The boson lounge
Life, the universe and everything but especially the universe

Tracking ghosts

Neutrinos are one of the most elusive particles around. For a long time, scientists didn’t think they had mass, traveled at the speed of light and really didn’t like interacting with anything else very much. Billions of the things pass through your body every second of every day without causing you to flinch. This has meant that the neutrino has become known as the ghost particle.

Except that know we’re going to get a much better look at them. A clever experiment generates neutrinos at the CERN nuclear physics lab in Geneva and then detects them in an underground cavern hundreds of miles away in Italy has just detected its first neutrinos. It doesn’t detect the neutrinos directly but looks for the tell-tale signs of other particles created when the neutrinos interact in the Italian detector.

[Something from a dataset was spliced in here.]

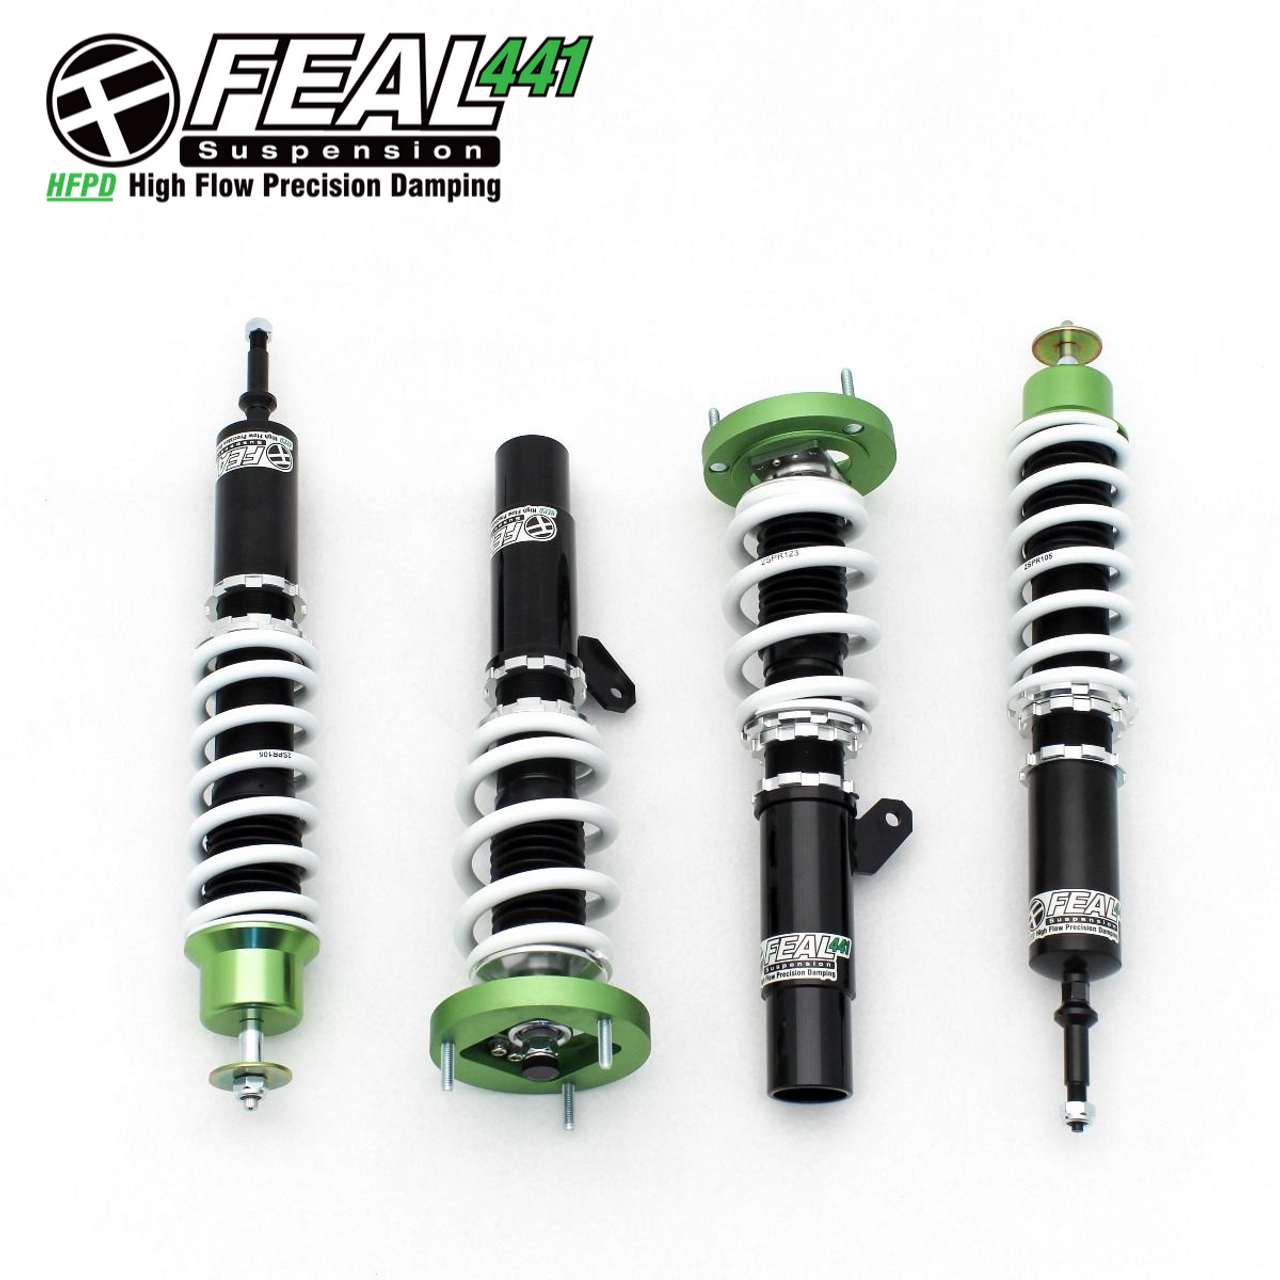 Feal Suspension 441 Coilovers - 2005 - 2013 BMW 3 Series (E90) AWD

Given that the neutrinos take just 2.4 milliseconds to travel the 450 miles between the source and the detector at the Gran Sasso LaboratoryI think they’ve done a stunning job. What they really want to find are so-called tau neutrinos. Neutrinos come in theee “flavours” – electron, muon and tau – and scientists reckon that somehow they oscillate between these flavours by some as yet unexplained mechanism.  All the neutrinos produced at CERN are of the muon type so if they spot anything that looks like a tau neutrino, there’s a good chance that the oscillation theory is correct. It may not sound important but if they are observed, these oscillations will help explain what happens deep in the heart of stars.